I like to tell surprised friends and acquaintances—who know me as a flaming heterosexual—that I’m half woman, after some remark about my fashion sense, or awareness of how I like the interior of my home to look.
You are enjoying what many people dream about, and some envy: the Best of Both Worlds. I knew you when you didn’t know (and am happy you do now) that you are a whip-smart, super-fun, uber-capable, majorly talented, ball-busting, sexy woman with a certain look in her eye, fingerless workout/heavy bag gloves on her hands and lacy unmentionables below decks…
Lucky you.
Just sayin’.
Lucky Mike…
I love this part:
“I have no interest in talking about clothes, shopping, or dieting, and I already made my feelings on children clear.”
… and am blown away by how similarly I feel. I do delve into these subjects occasionally because a situation will call for it or I’m looking for advice for something specific, but I don’t *choose* to spend an evening talking about clothes.
And, I have done my share of boxing and martial arts. If I had a good frame for it (or a backporch roof that would hold it), my heavy bag would be hanging out back right now. I love that thing!
Tom and I decided not to have a children a few years ago, so we actually have that in common, too. This is the first of your posts I’ve read, but I’m going to keep an eye out. (saw you on bachelorgirl.net’s site). Nice to meet you!
This is a great post!
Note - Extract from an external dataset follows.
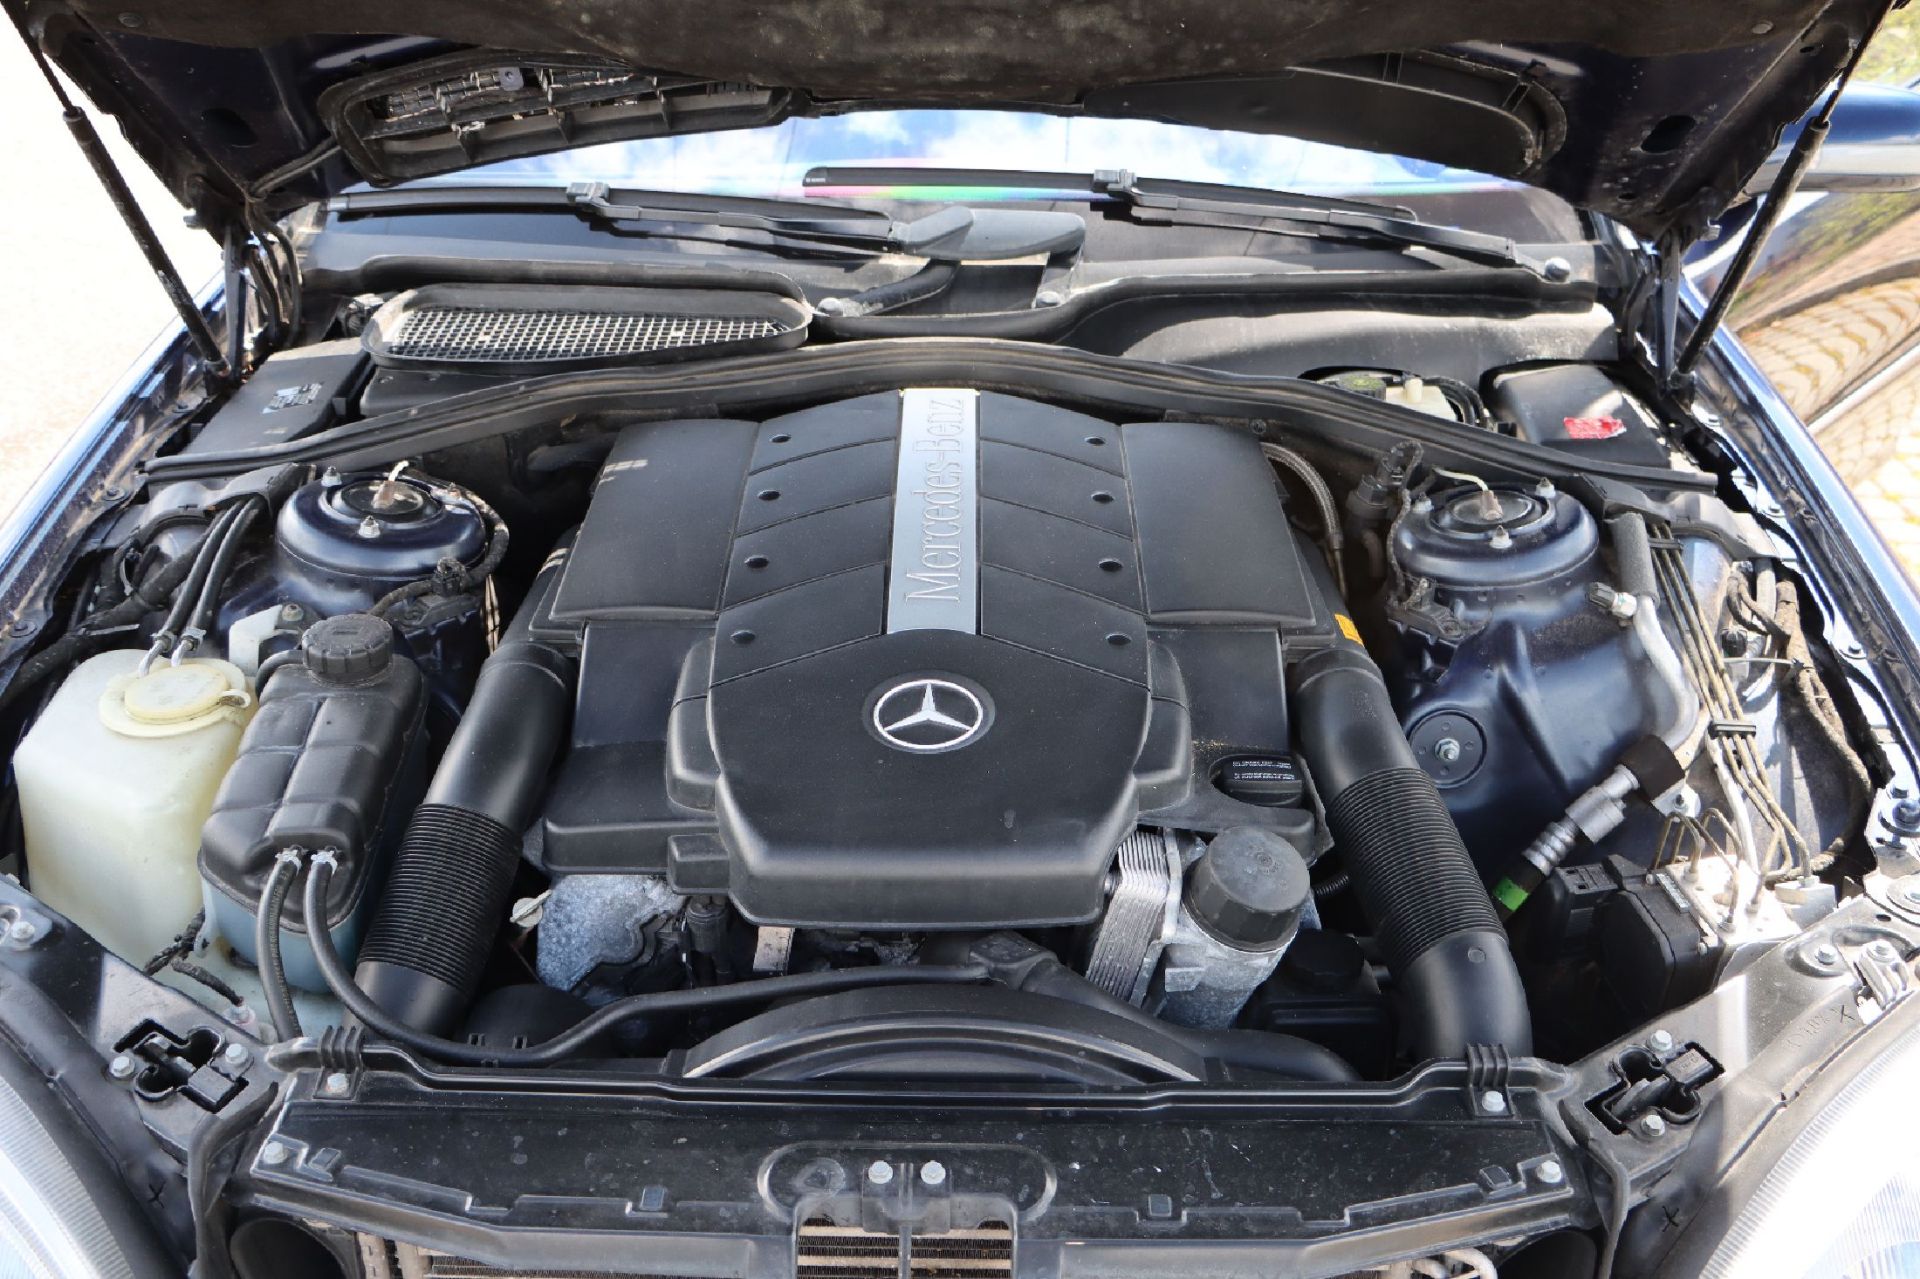 Mercedes-Benz S500, Fahrgestellnummer: WDB2200751A124714, - Image 9 of 9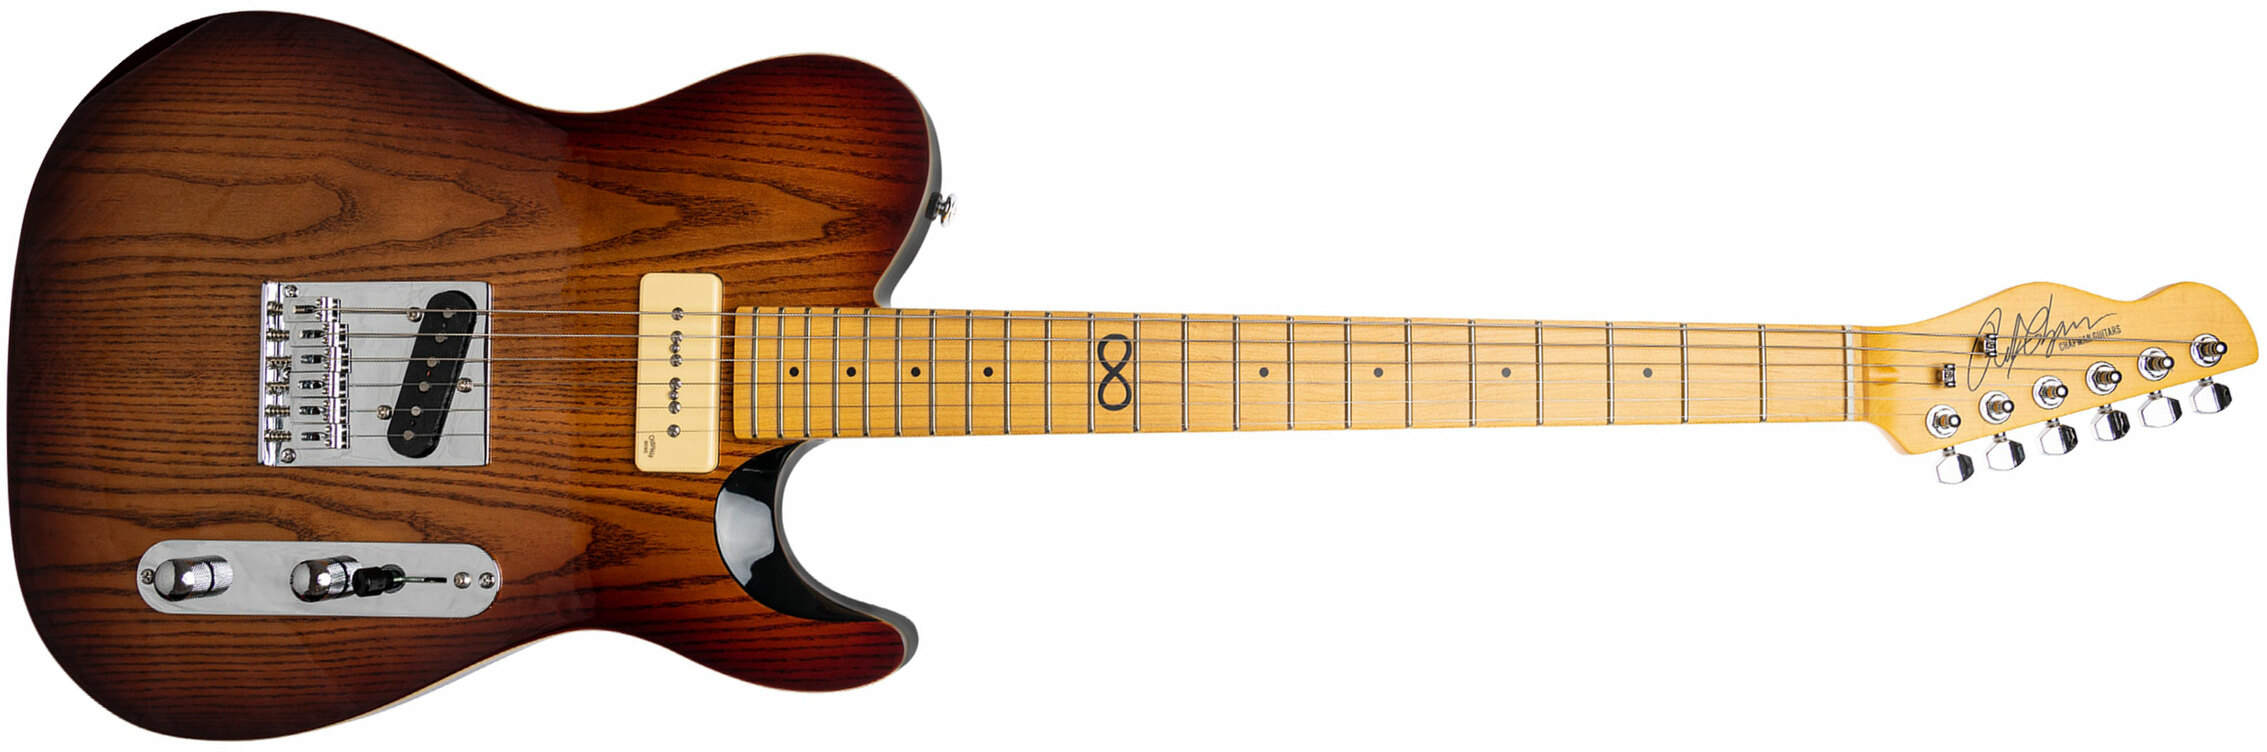 Chapman Guitars Ml3 Traditional Standard Sp90 Ht Mn - Tobacco Ash - Televorm elektrische gitaar - Main picture

Like you, I find that my lack of desire or affection for children, as well as my being a sexual person, are the things that make me seem not “feminine” enough to other people, but especially to men.
Also, I make rude and crude jokes, and talk like one of the guys. This is really intimidating to many men and really turns many of them off from me. I dated a guy (granted, he was abusive, but still) that once told me, while we were out with his friends, to go talk to the girls about “hair or something” instead of hanging with him and his guy friends and talking about the Red Sox. His words? “You’re not my *friend*, you’re my *girlfriend.” Because *girl*friends are supposed to be sweet and feminine and vapid. If you’re too much like a guy, you can only ever be a *friend*. Vom.
And no, there doesn’t have to be an all or nothing, one or the other, black or white when it comes to gender expression. It’s a spectrum, a continuum, and the beautiful thing about that is that you can pick and choose where you fall on that continuum, and which behaviors and traits from either gender that you identify with. And then, it’s no longer “male” or “female.” It’s just “Stasha.”